You could look at it as an investment with an incredible reward which is gained almost instantly. The less time you spend on this, the more you can provide a client in terms of monthly time, effort productivity. It's a win win!

Types of automation
There are many tasks that can be automated which you may have never thought of until now. Ask yourself and your colleagues “What repetitive tasks do we do?” . They don't have to be online tasks, it could simply be changing documents into the correct format or copying files. But before you run off automating everything that you do there are a few things to consider;

• Some websites and webmasters are not great fans of having automated scripts/tools run on their websites/resources, so read the terms and conditions of the sites in question carefully. If they don't like it, don't do it!
• Ask yourself if it is necessary for certain things to be automated, if you are not going to benefit from it a great deal, just remember automation is not always as accurate as the human touch. Sometimes your code doesn't know things that may be good or bad, it just does as it is told regardless of the consequences.
• There are many tools, plugins and modules which make writing and using automation much easier, so do a little research before starting your script.
• Don't get greedy or go insane, if you have no rush for the data, don't get your automation to go wild (for example, if you query google pagerank too many times in quick succession, google will block your ip temporarily or even permanently from querying Pagerank!). Not a fun place to be!

What you will need
There are tools that automate some ridiculously complex tasks but this blog post is aimed at the simple things that, altogether, make up a lot of time. There are many existing scripts/tools that can be found on the internet for automation (most are not free), but here I'm going to explain some basic methods for making your own (give a man a fish etc). You will need a Programming/Scripting language:

 

C++,C#,C
Python
Perl
PHP
Shell

 

For this blog post I will be using Perl, mainly because this is the language I use the most and because it is very good for the sort of tasks I am talking about. Many other languages are suitable especially python because, like perl, there are many Modules which make life much easier. You don't have to be a hardcore coder to understand and implement the ideas below.

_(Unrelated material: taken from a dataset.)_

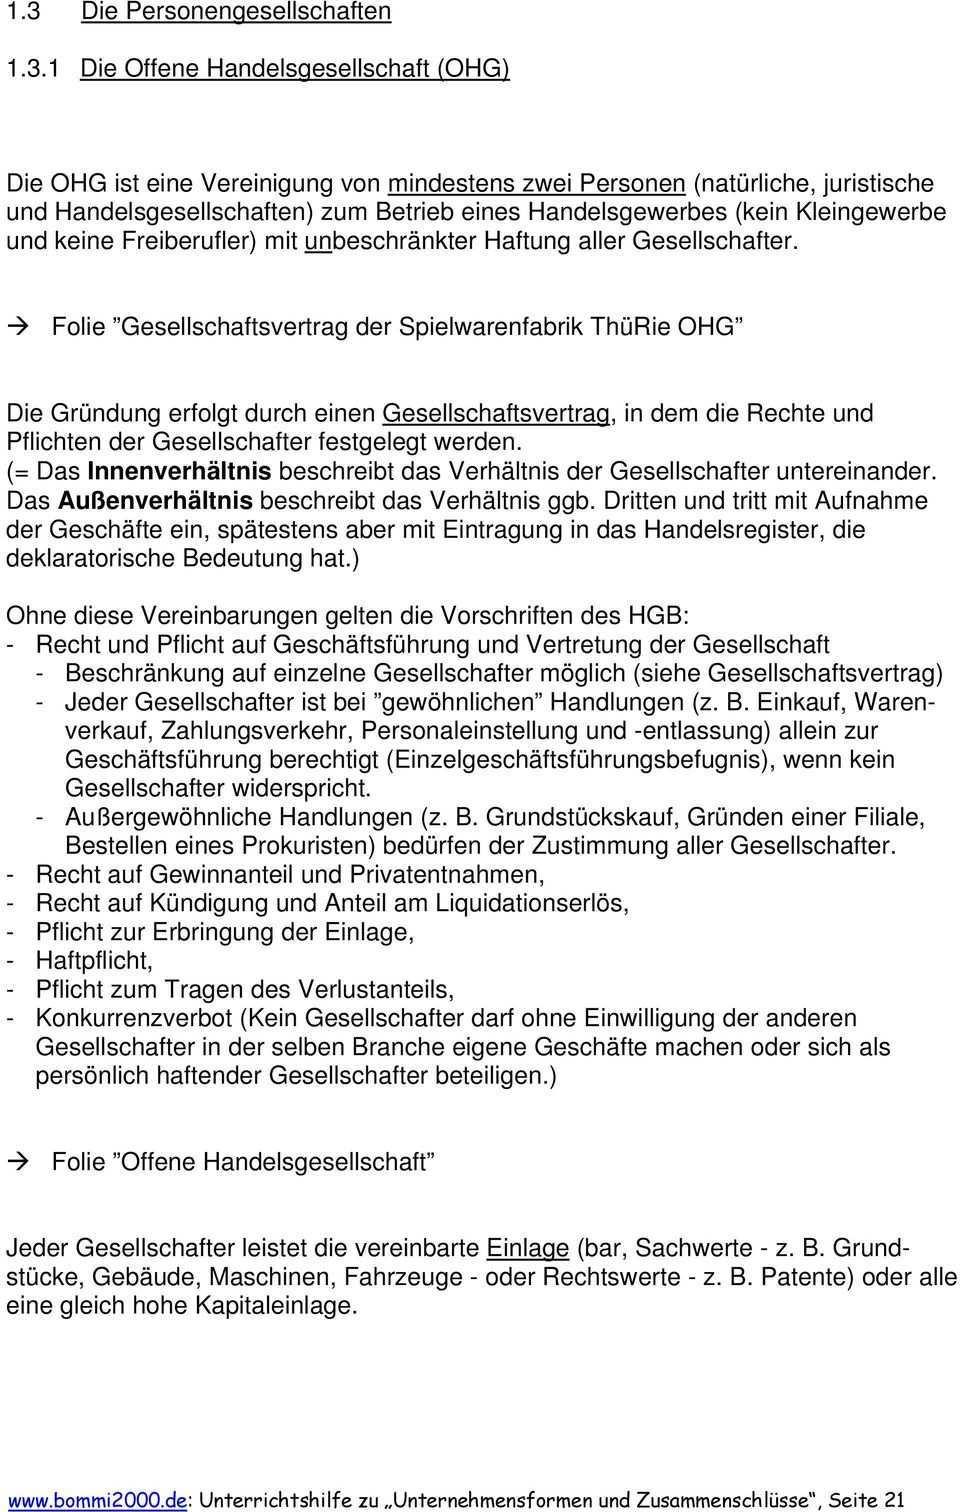 Folie Gesellschaftsvertrag Der Spielwarenfabrik Thurie Ohg Pdf Kostenfreier Download

We will start with something familiar, pagerank. Let's say you need to check the pagerank of 20 different websites a day, this takes a substantial amount of time to do manually over the course of a month.

 

#!/usr/bin/perl 
use WWW::Google::PageRank; 
my $pr = WWW::Google::PageRank-­>new; 
print scalar($pr-­>get('http://www.yahoo.com/')), " ";

 

This little script uses the the WWW::Google::PageRank module and then simply uses it to print the pagerank of yahoo.com. Obviously running this script over and over on each url by hand would be silly, so now we need to automate this. We have a list of our 20 urls (I will be using 3) in a file called domains.txt and we want our program to go through the list and print to the screen the following information: “PR and URL”.

The commented code looks like this:

#!/usr/bin/perl 

use warnings; 
use strict;
#Load the Google pagerank module 
use WWW::Google::PageRank; 
#Assign the object to the variable $pr ready to use 
my $pr = WWW::Google::PageRank->new; 
#Open the file domains.txt and assigns it to the variable $inputfile 
open my $inputfile, 'domains.txt' or die $!; 
#Start a loop to look at all the lines in the file (domains.txt) 
while (my $url = <$inputfile>)
    { 
    #Print PR 
    print " 
PR "; 
    #Print the result from our pagerank query for the current line 
    print scalar($pr->get($url)); 
    #Print the Url on the current line 
    print " $url"; 
    #Loop ends 
    } 
#File closes 
close($inputfile);

 

The outcome should look like this (I called my script pr.pl):

[Ben@********]$ perl pr.pl
PR 9 http://www.yahoo.com
PR 10 http://www.google.com
PR 8 http://www.bing.com

 

Remember, to run this script you need perl installed, which you can get here; http://strawberryperl.com/ and the perl module WWW::Google::PageRank you can get from here http://search.cpan.org/~ykar/WWW-Google PageRank- 0.16/lib/WWW/Google/PageRank.pm and don't forget the perl script file name must end in .pl and must be executable.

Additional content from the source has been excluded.